● **Available data**:
● ● ● ● ●

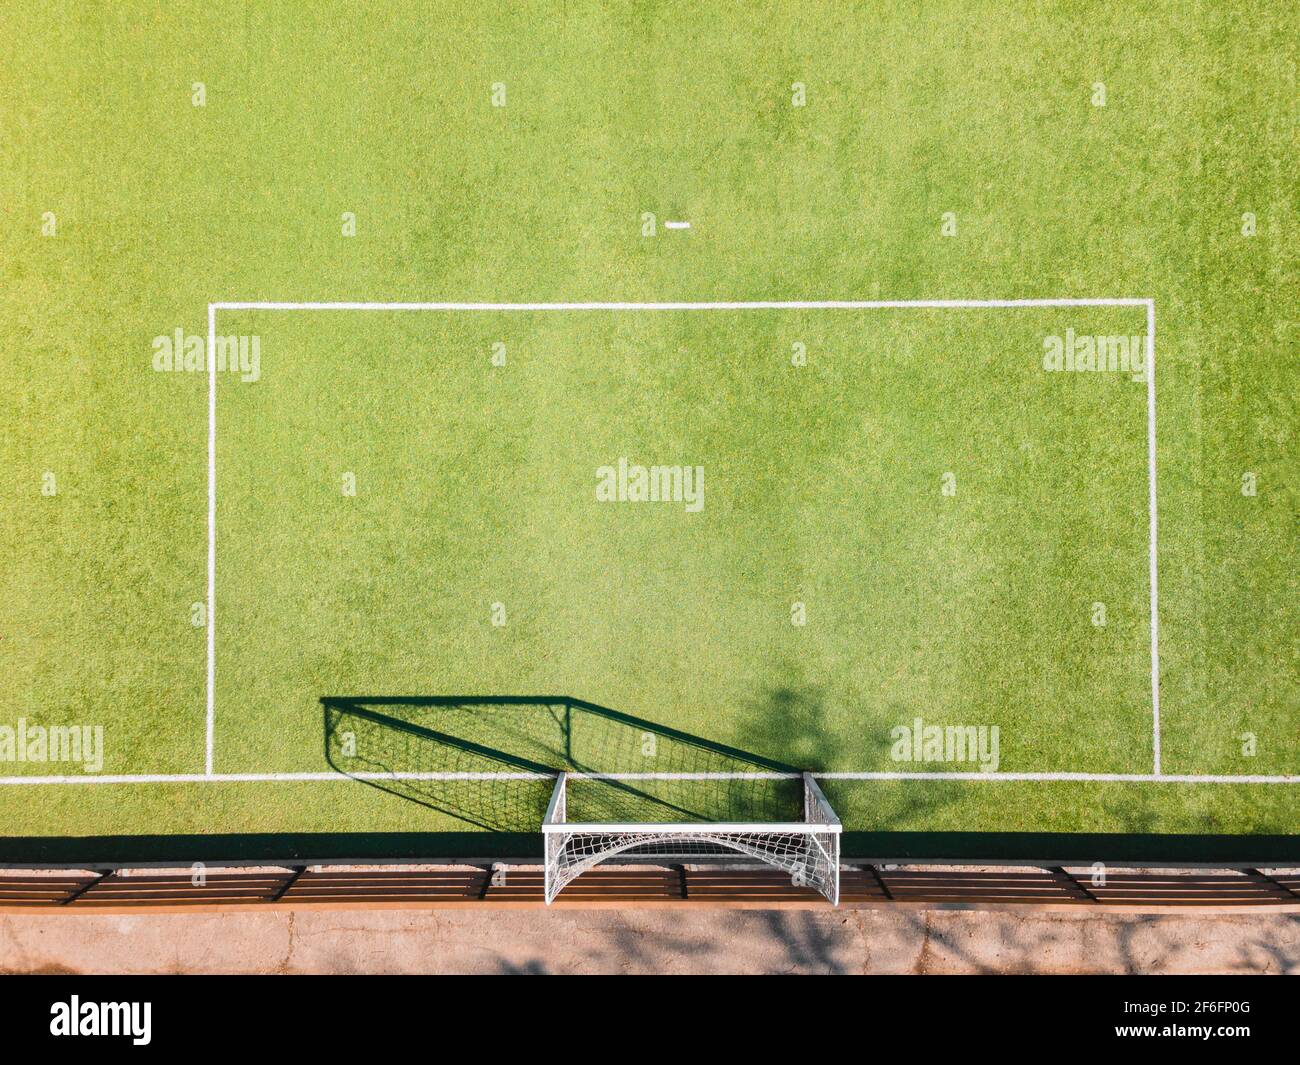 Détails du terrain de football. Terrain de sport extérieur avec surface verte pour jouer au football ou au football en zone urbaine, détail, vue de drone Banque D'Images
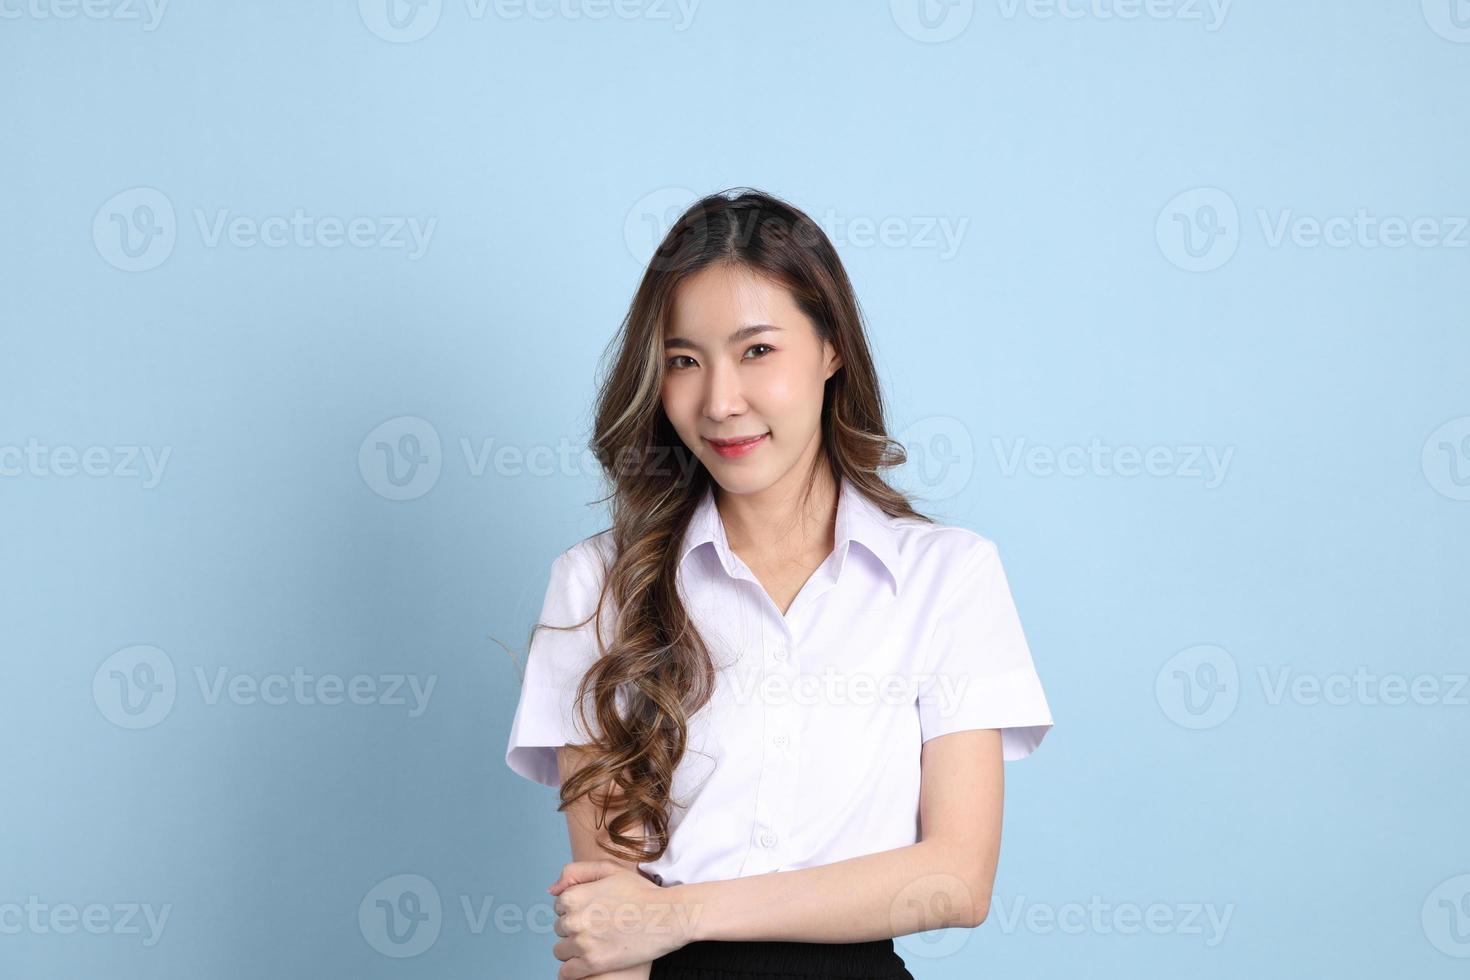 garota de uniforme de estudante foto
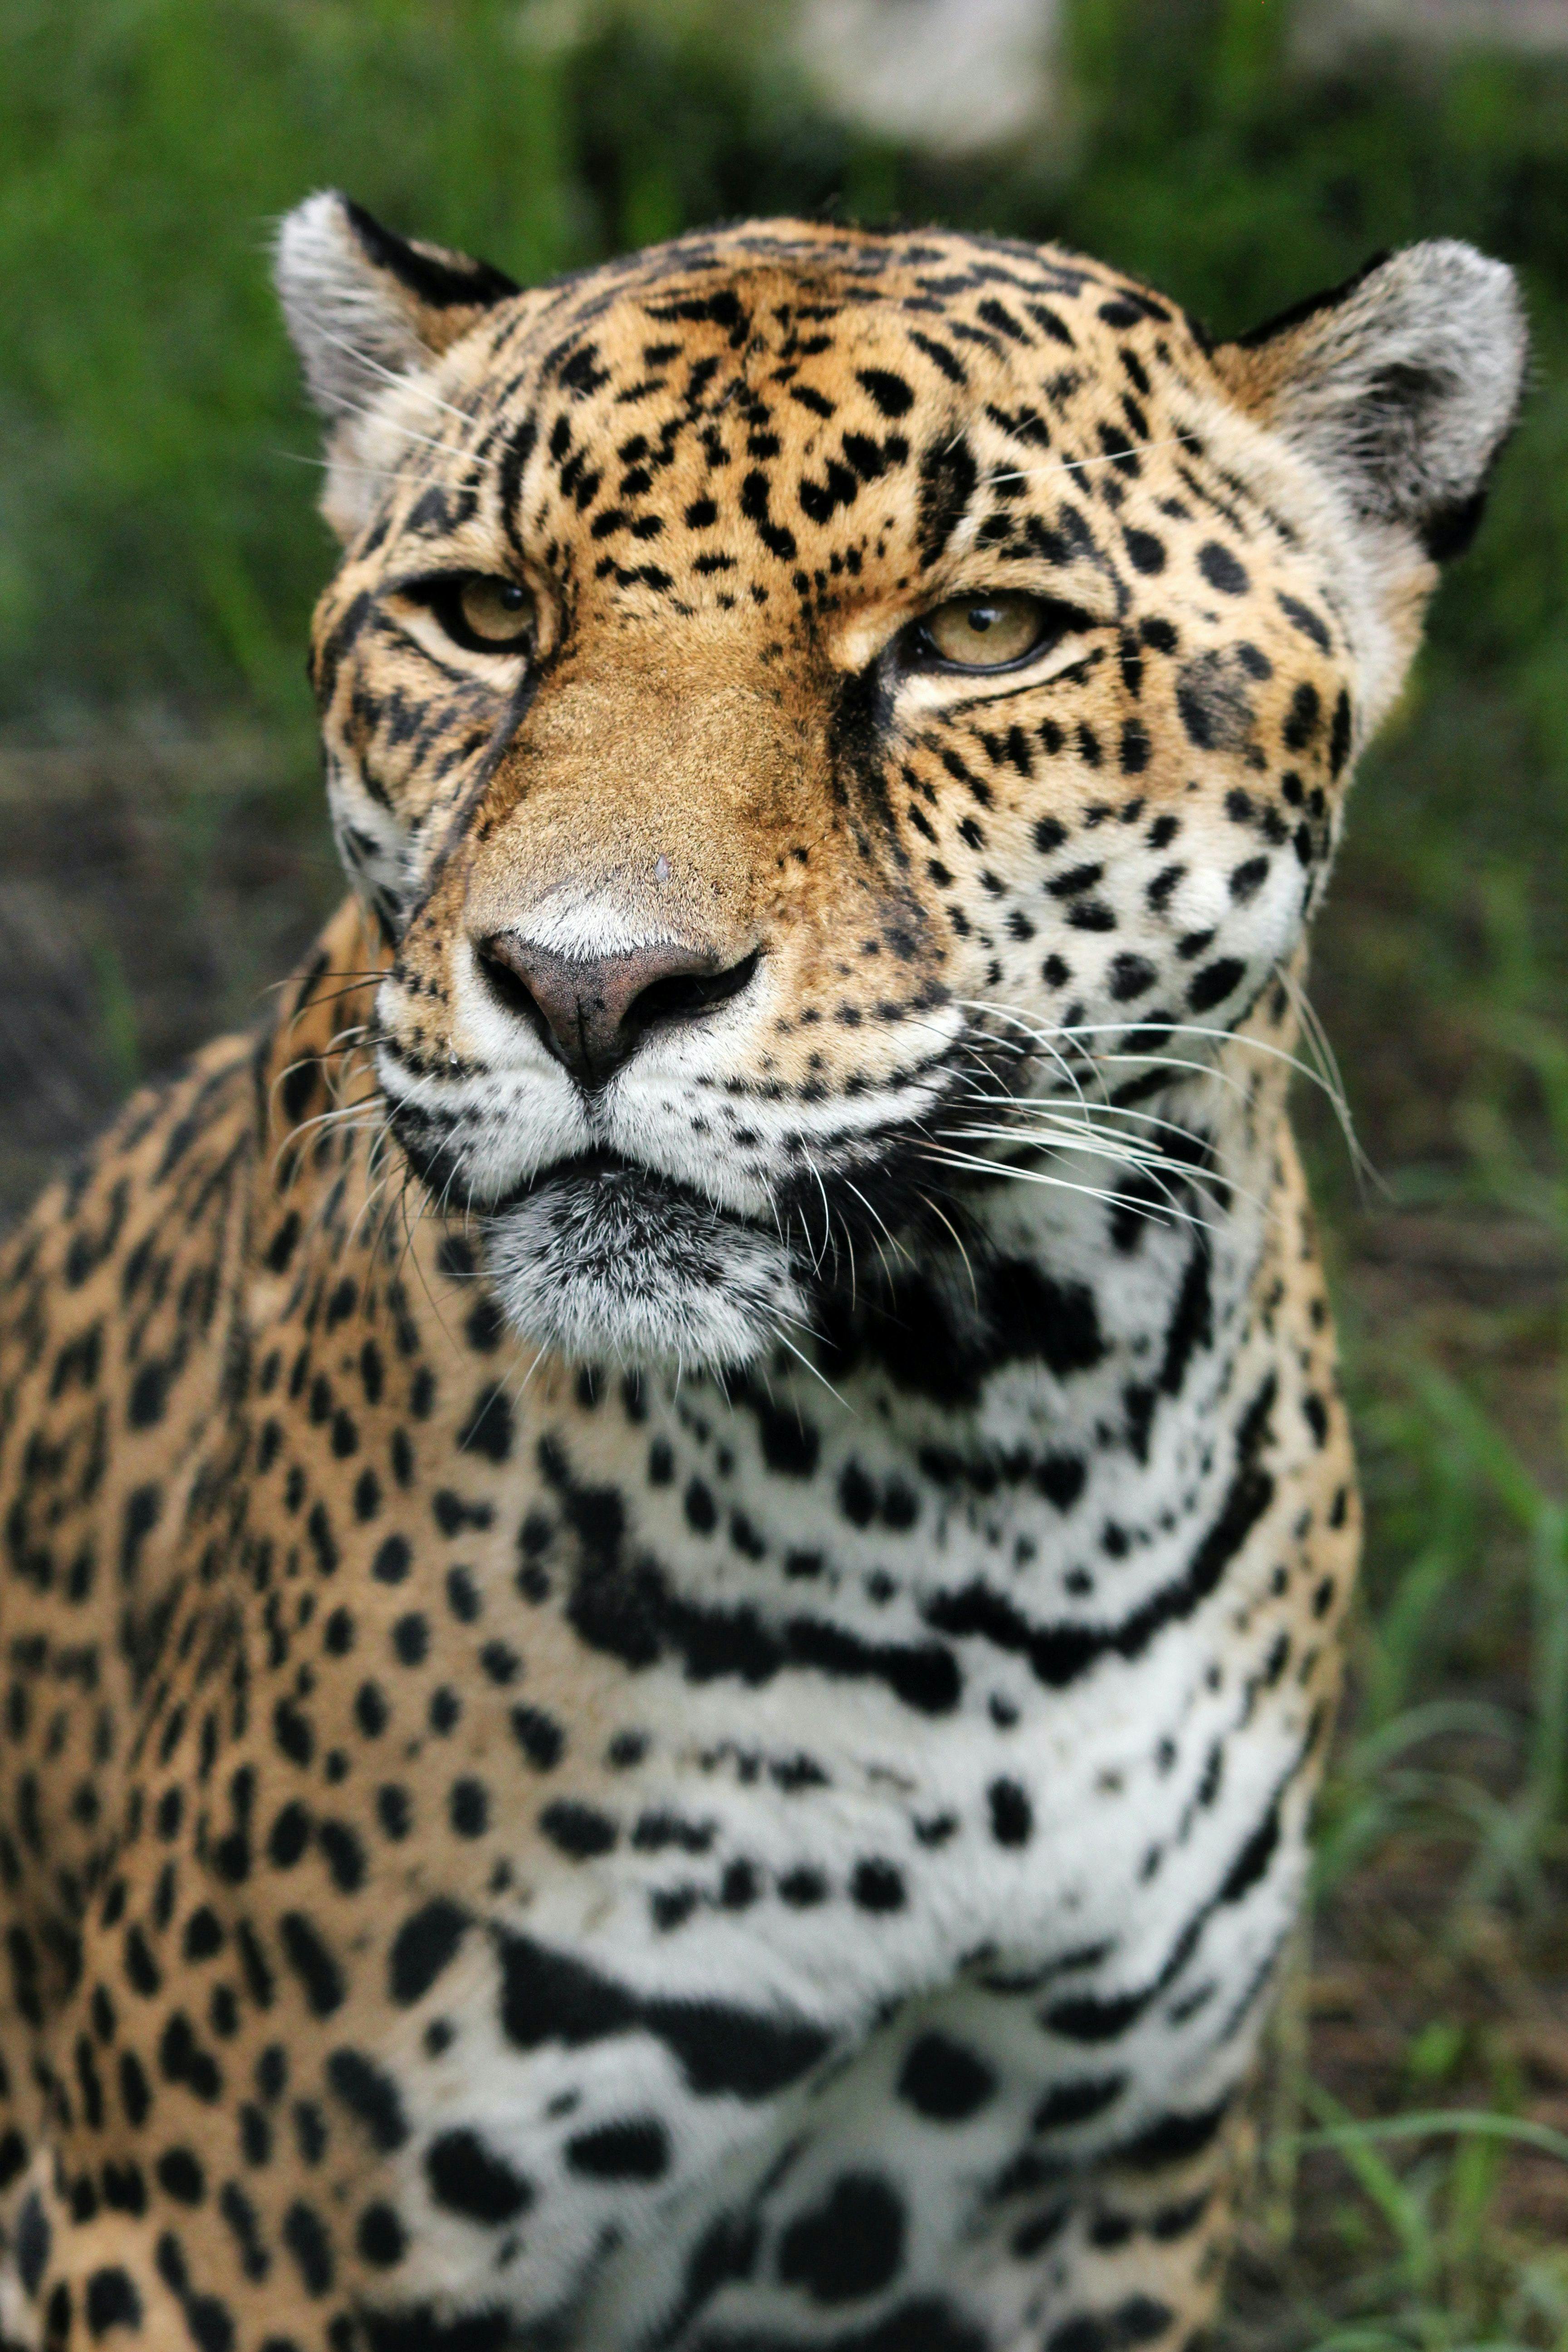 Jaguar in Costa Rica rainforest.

● ● ● ● ●

● **Work instructions**:
Retype, word for word, only the lines from the line with "garota de uniforme de estudante foto" to the final line of the listing above; the pictures do not belong in the copy.

● **Your response**:
 garota de uniforme de estudante foto
 Jaguar in Costa Rica rainforest.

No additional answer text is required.